◆ Your assignment
For this exercise, copy exactly only the lines from the one containing "Cut the zucchini" to the final line of the material below, without the pictures.

◆ Data provided
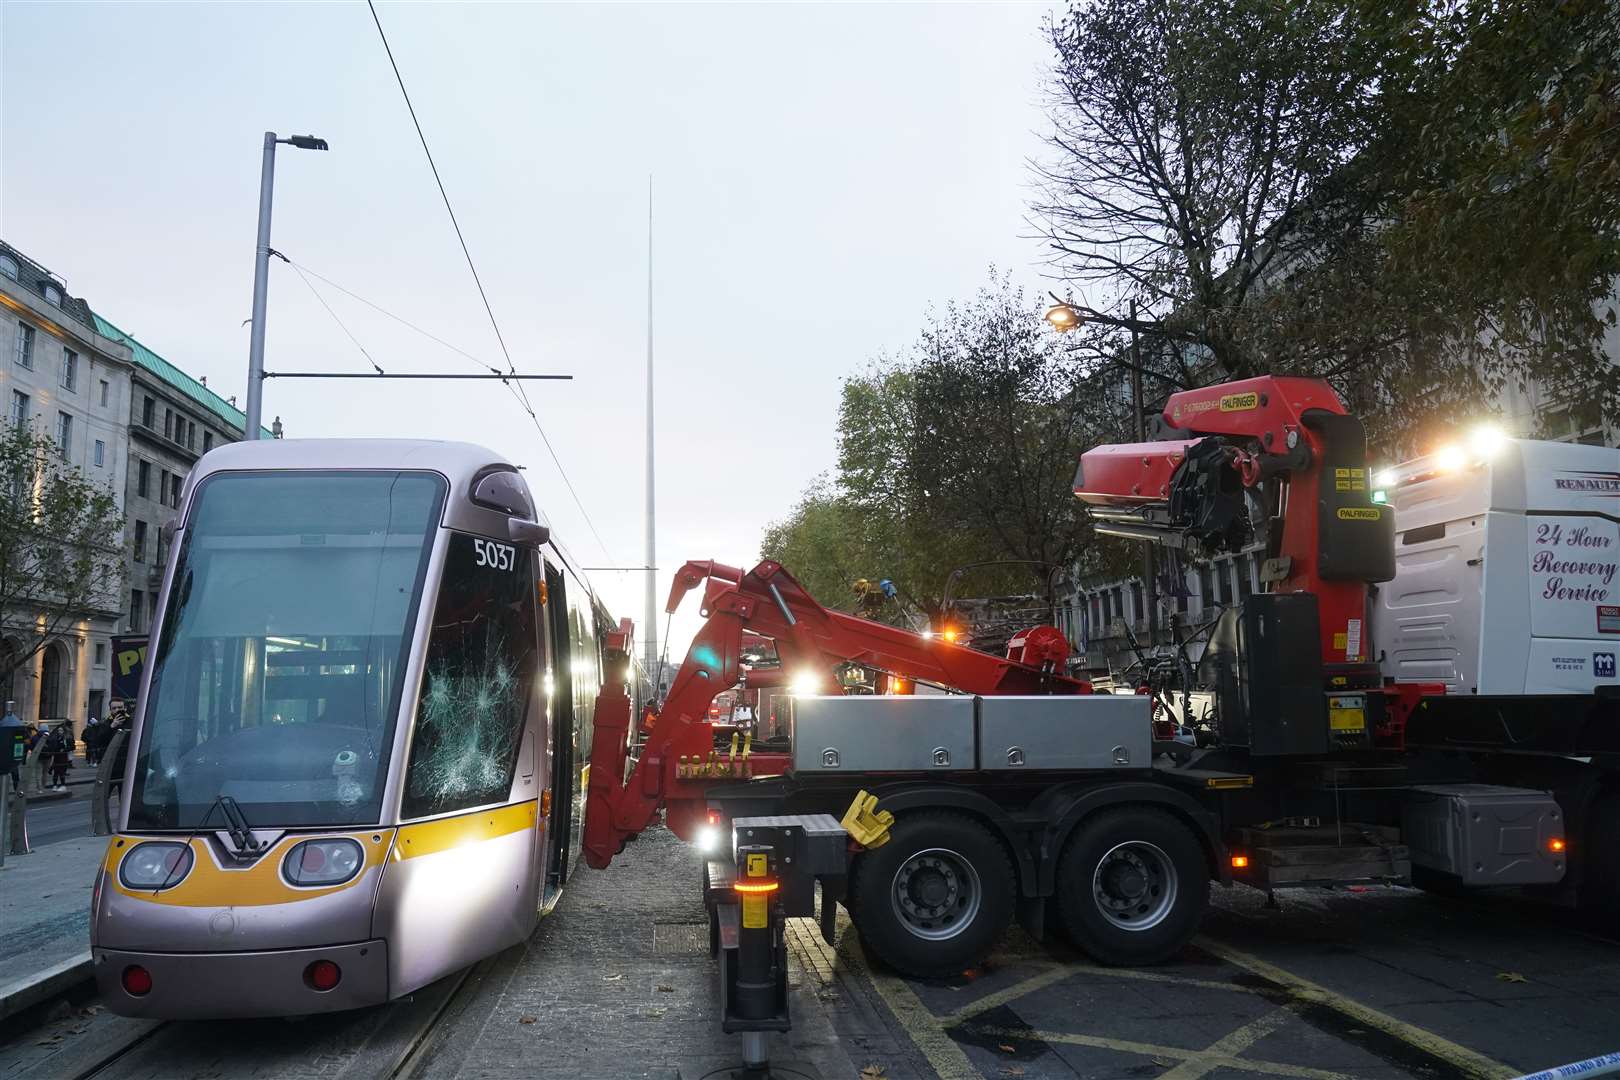 A damaged Luas with broken windows is removed from the tracks in Dublin, the morning after violent scenes unfolded in the city centre (Brian Lawless/PA)
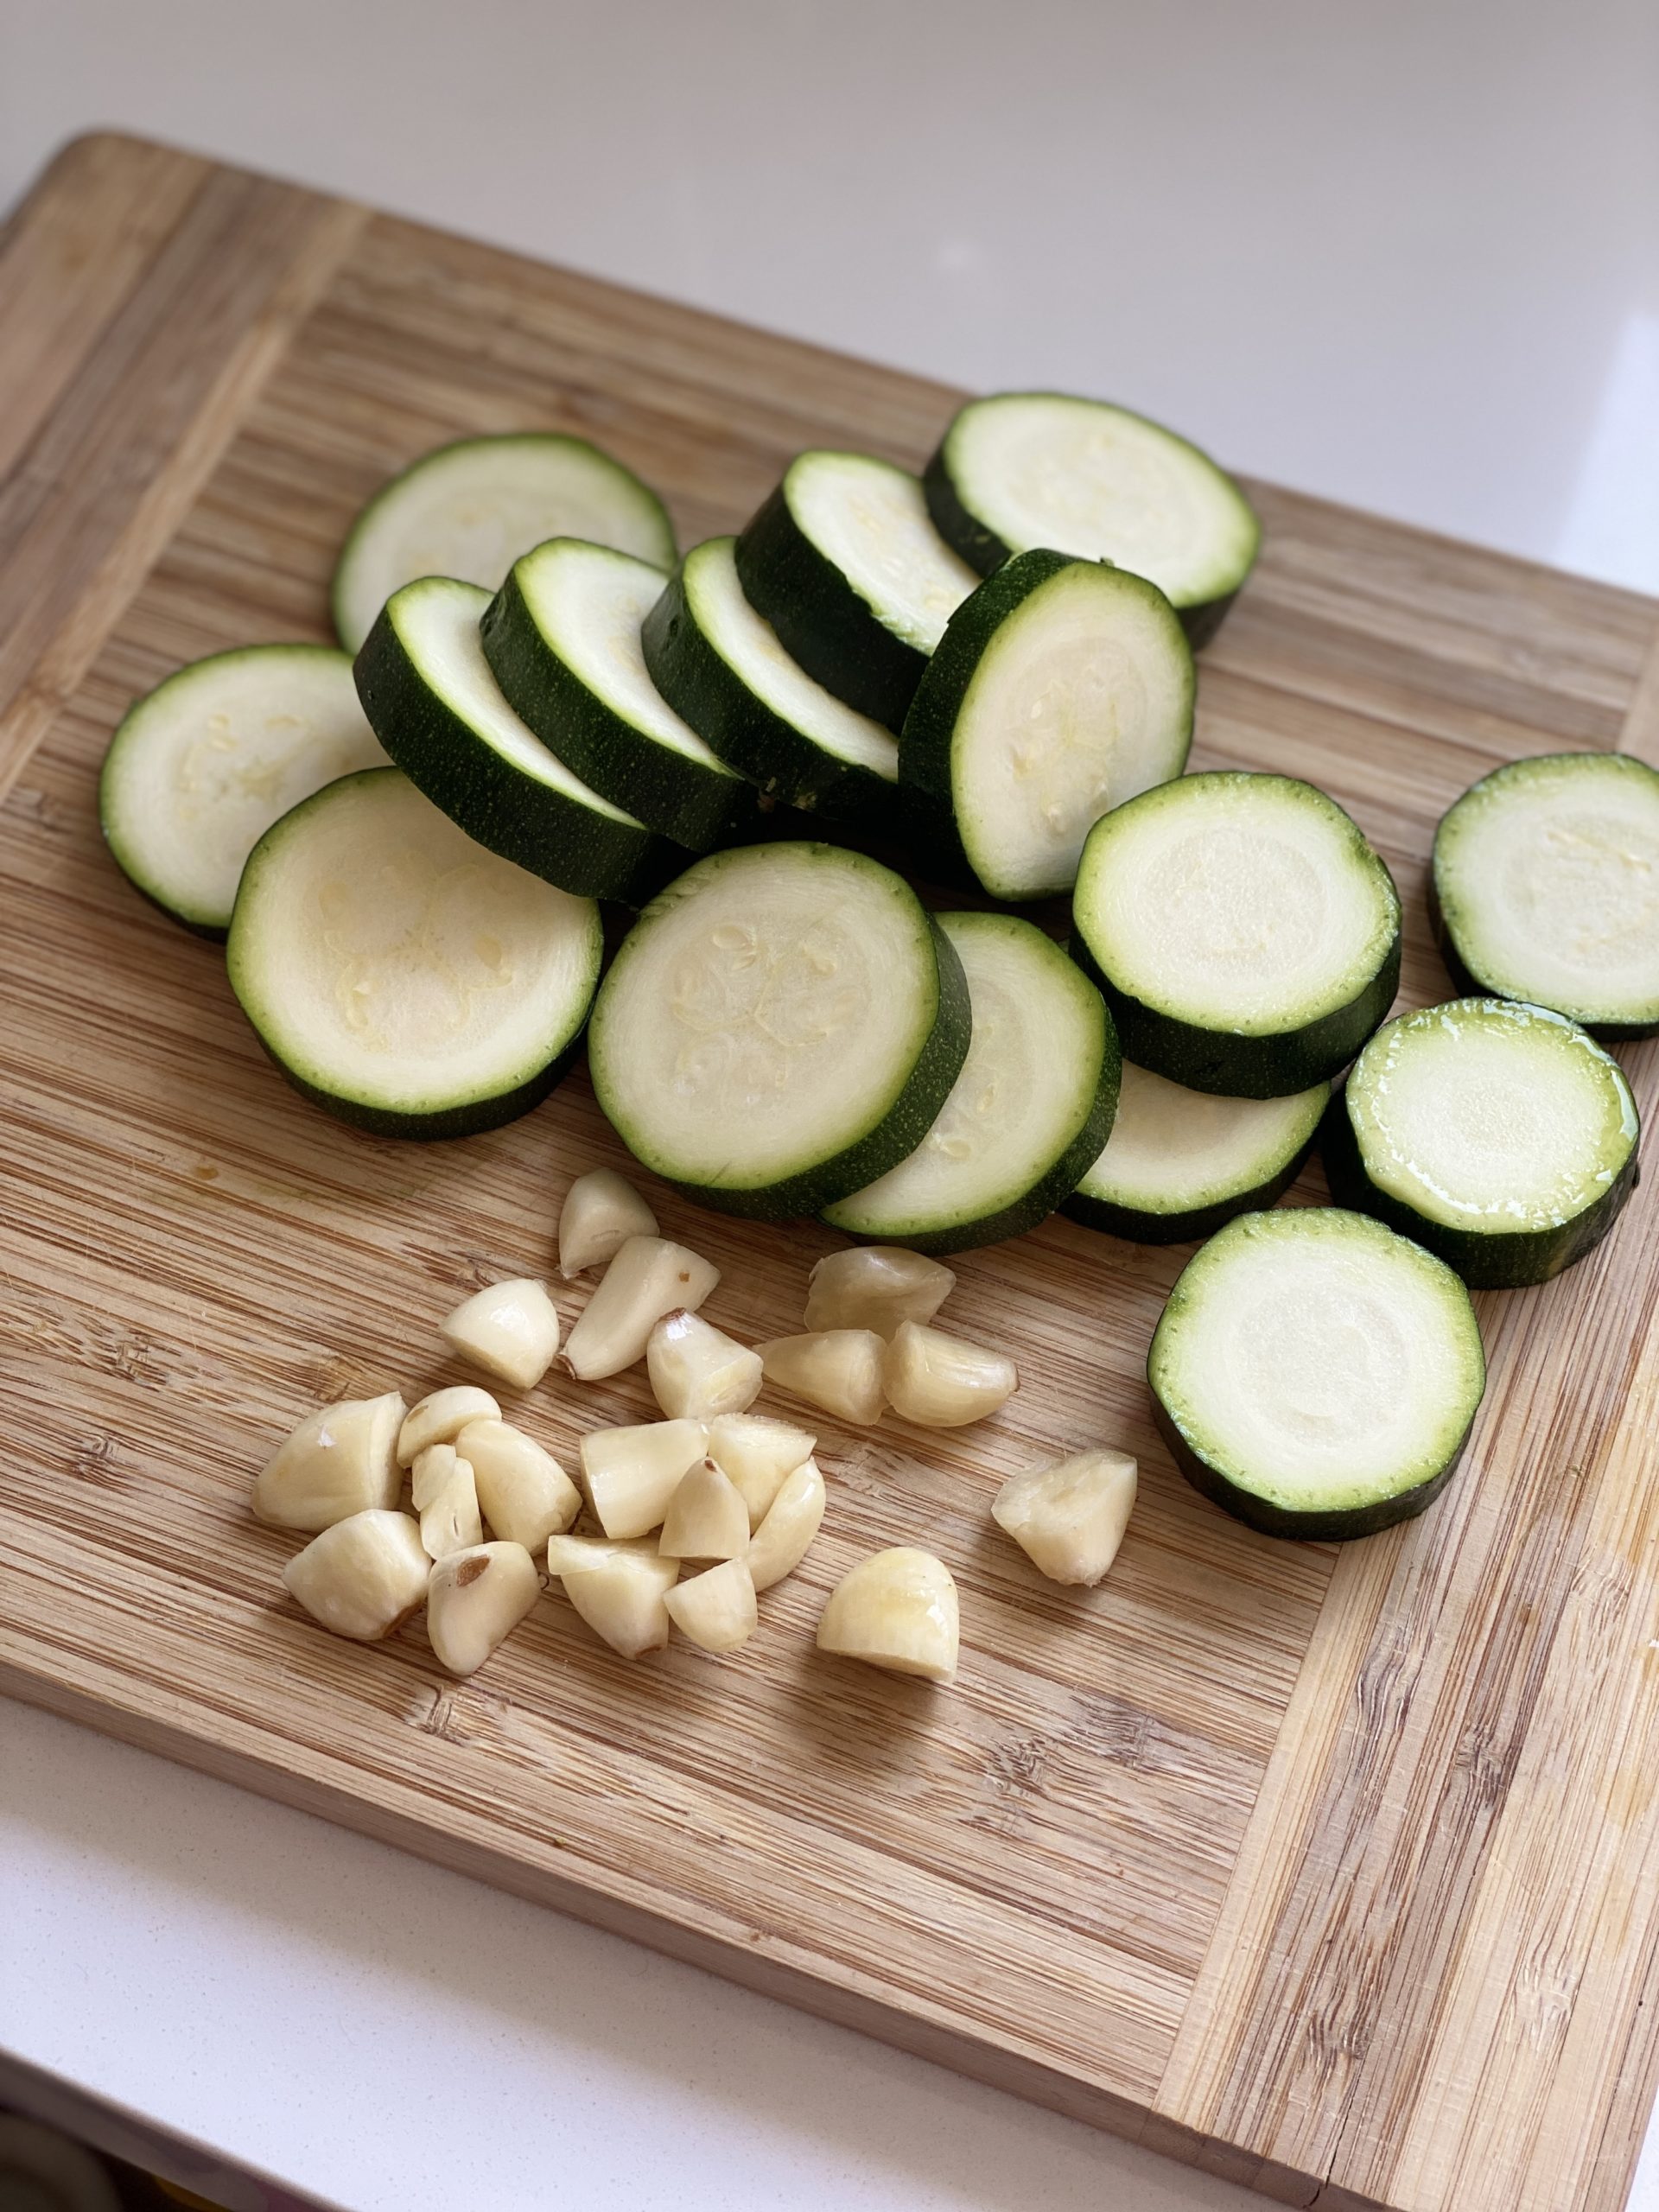 Cut the zucchini and chop up the garlic cloves
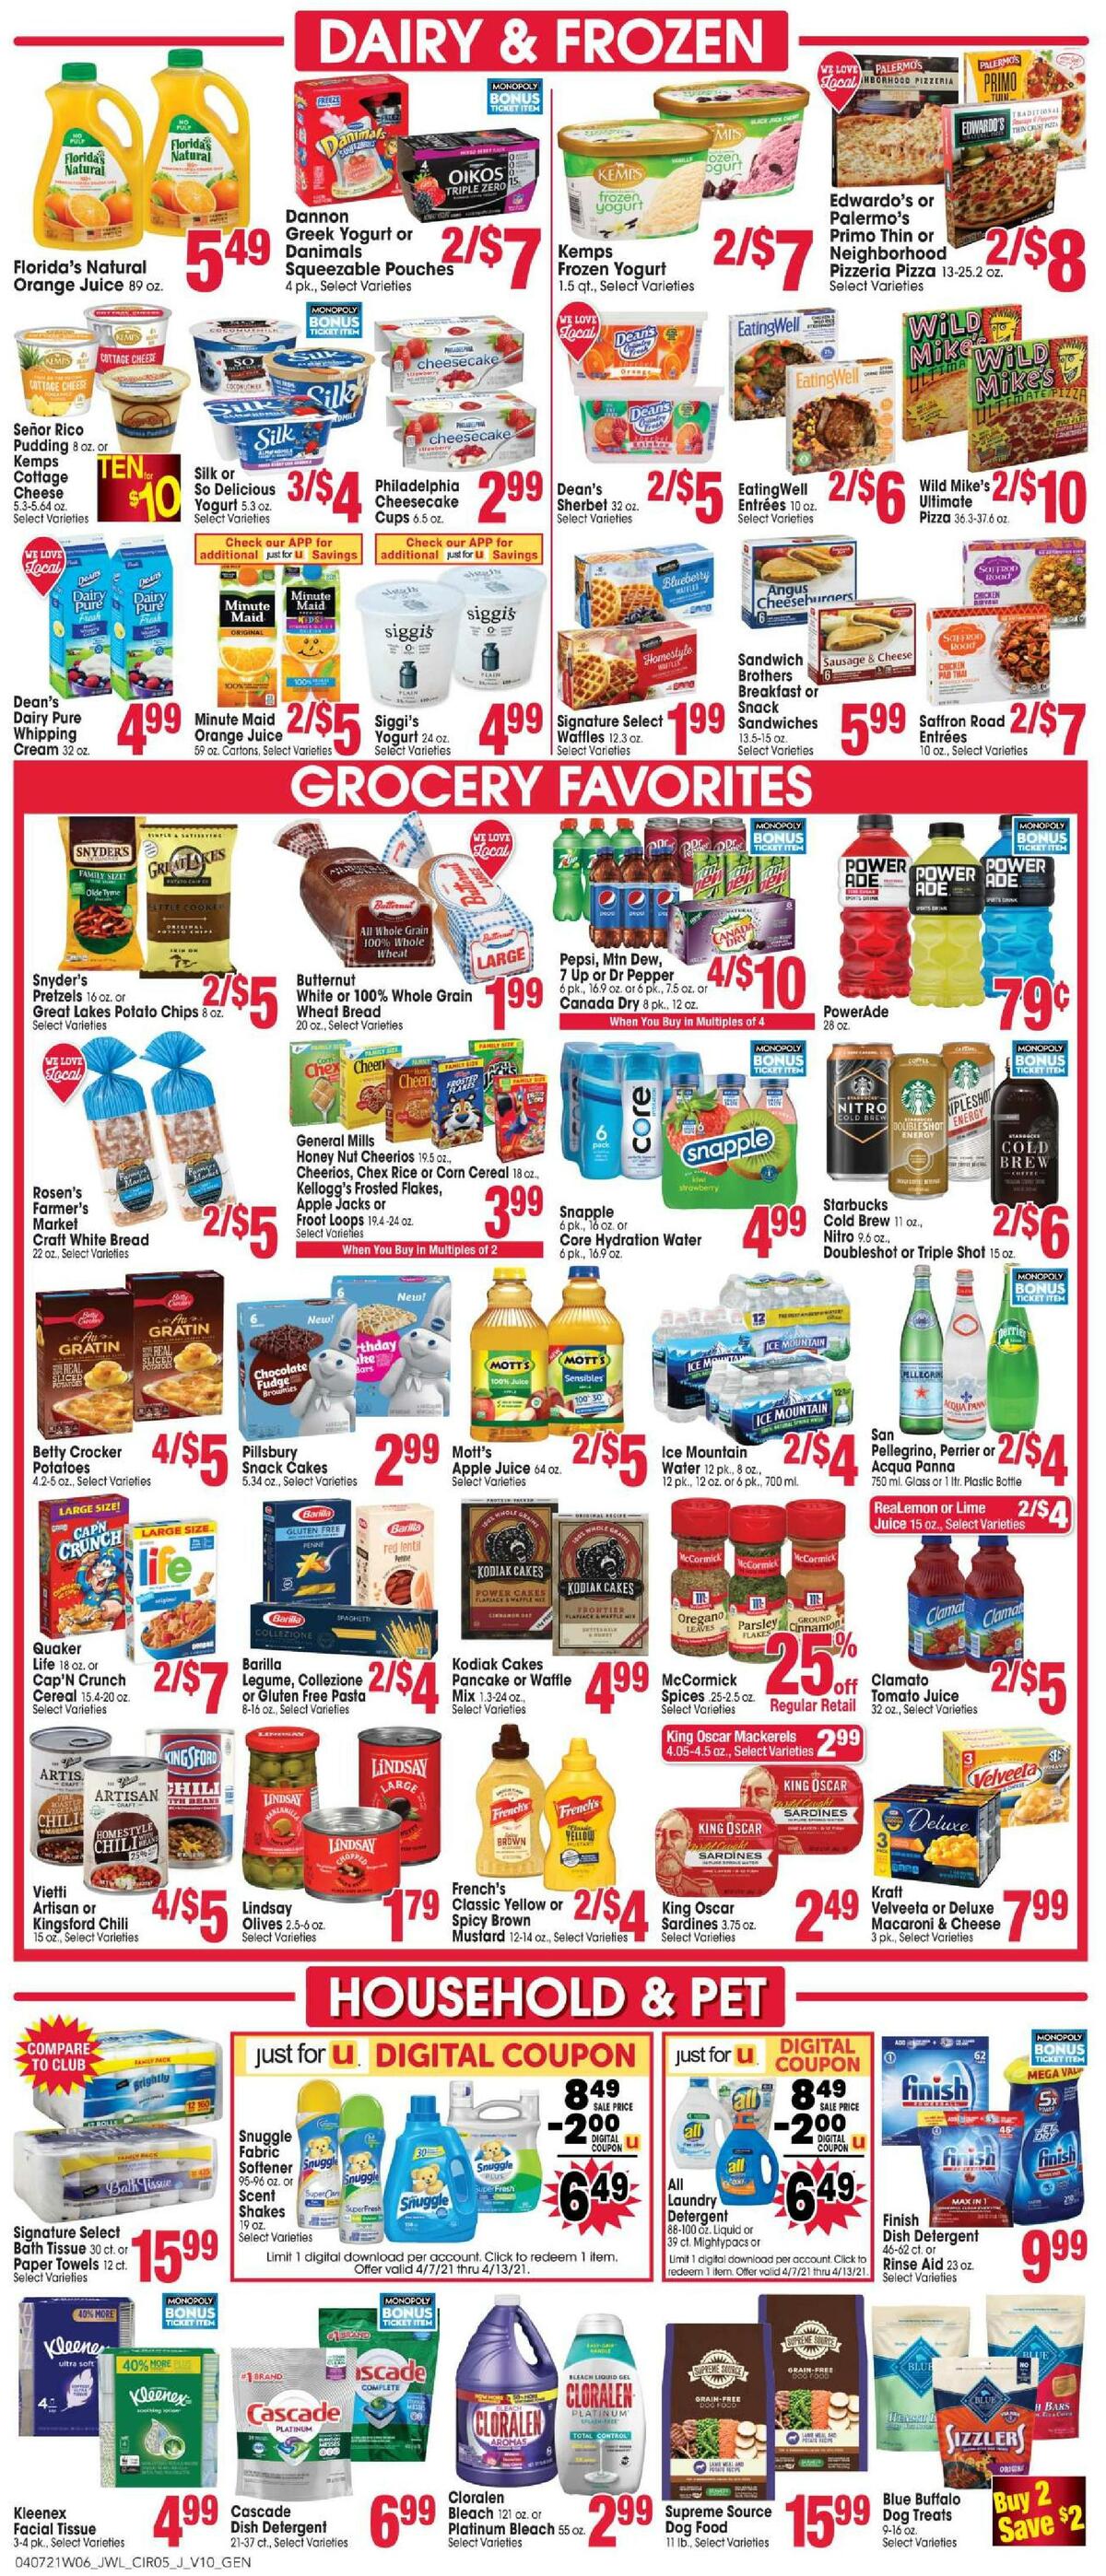 Jewel Osco Weekly Ad from April 7

◆ Answer section
 Cut the zucchini and chop up the garlic cloves
 Jewel Osco Weekly Ad from April 7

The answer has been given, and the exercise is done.